Each newly elected or appointed non-employee director will receive an initial grant of 2,500 shares of common stock upon his or her election to the Board of Directors vesting in three equal installments over a period of three years with the first tranche vesting on the first anniversary of the grant date, the second tranche vesting on the second anniversary of the grant date, and the third tranche vesting on the third anniversary of the grant date

 

Annual Grant

 

·Each non-employee director will receive an annual grant of 20,000 options to purchase up to 20,000 shares of common stock which will be granted on the same day as the annual employee option grant, on or around January of every year.
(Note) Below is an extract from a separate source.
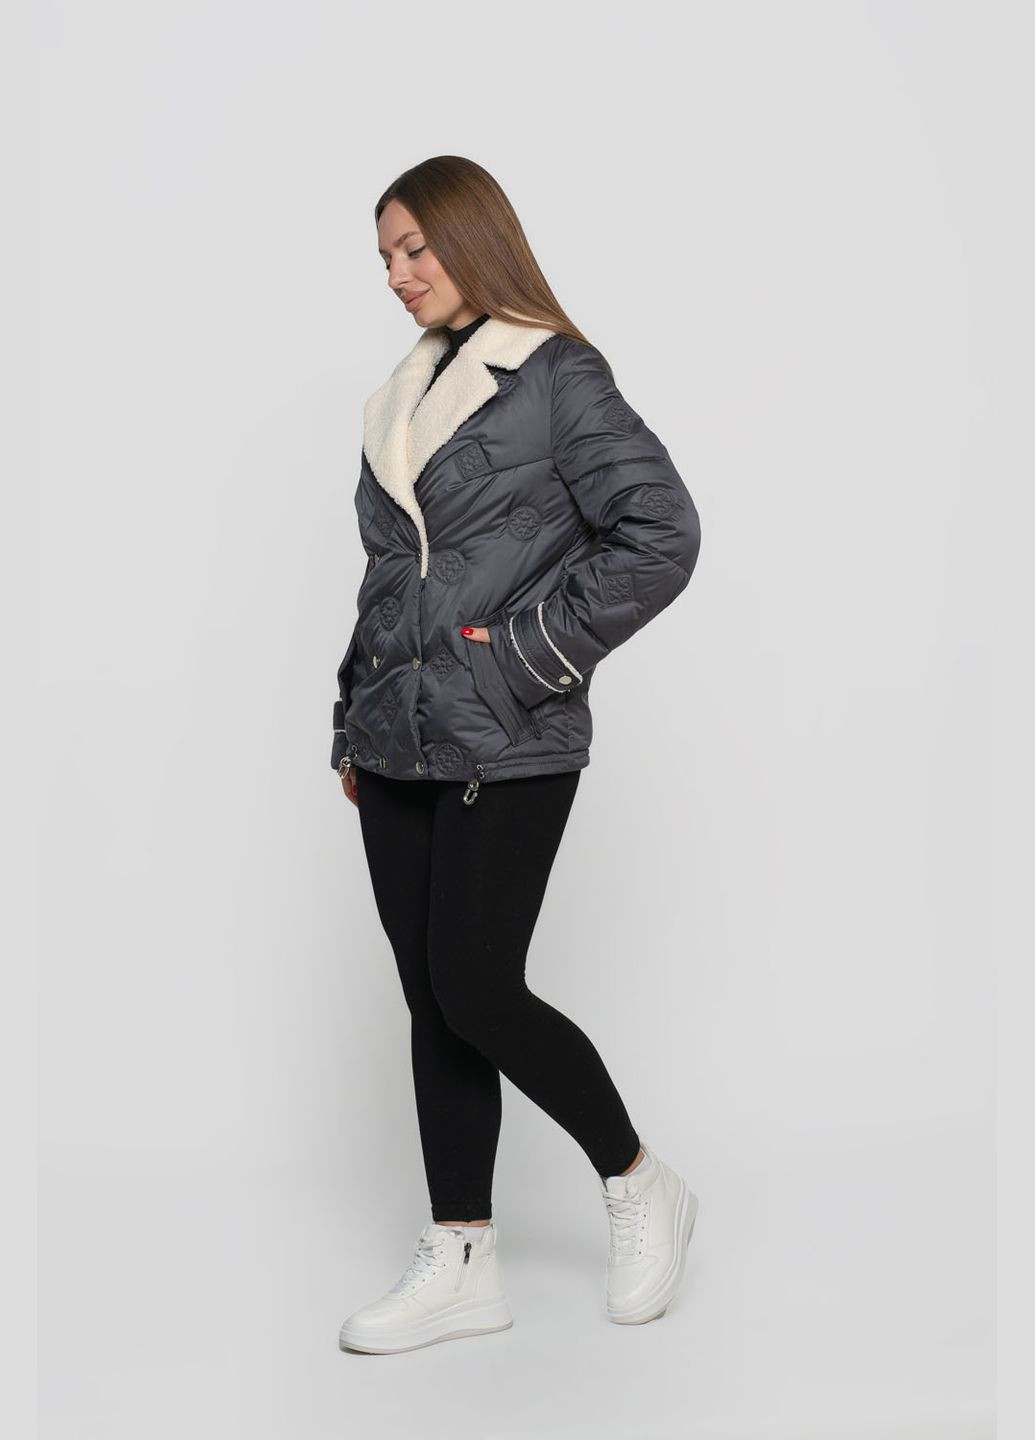 Графитовая демисезонная куртка женская короткая viton куртка-пиджак Vicco

Such shares of common stock or options will have an exercise price equal to the closing price of the Company’s stock on the date such options are granted and vest in three equal tranches on the first, second and third anniversary of the grant date or upon change in control.
   
·No annual grant shall be granted to any non-employee director in the same calendar year that such person received his or her initial grant.

 

Other Terms

 

·Grants of equity awards made under this Non-Employee Director Compensation Program shall be made under the Company’s stock incentive plan that is in effect from time to time.
   
·Each director shall have twelve (12) months to exercise his or her options following termination of Board service for any reason.
   
·Grants may also be made to non-employee directors on a discretionary basis, subject to compliance with the Company’s corporate governance codes and policies.

 

Non-Employee Director Stock Ownership Guidelines

 

In the interest of good corporate governance and to further align the interests of members of the Board of Directors with the Company’s stockholders, the Nominating and Corporate Governance Committee of the Board of Directors has adopted stock ownership guidelines for directors:

 

·If a director exercises a stock option, it is expected that such director would, from such date of option exercise, maintain ownership of at least a number of shares equal to twenty percent (20%) of the net value of the shares acquired (after deducting the exercise price and taxes). In the case of shares acquired upon the exercise of a stock option, each director is expected to hold such shares for twelve (12) months after termination of his or her service on the Board of Directors.

 

Program Administration

 

This Non-Employee Director Compensation Program shall be administered by the Board of Directors, which shall have the power to interpret this Program and amend it from time to time as it deems proper.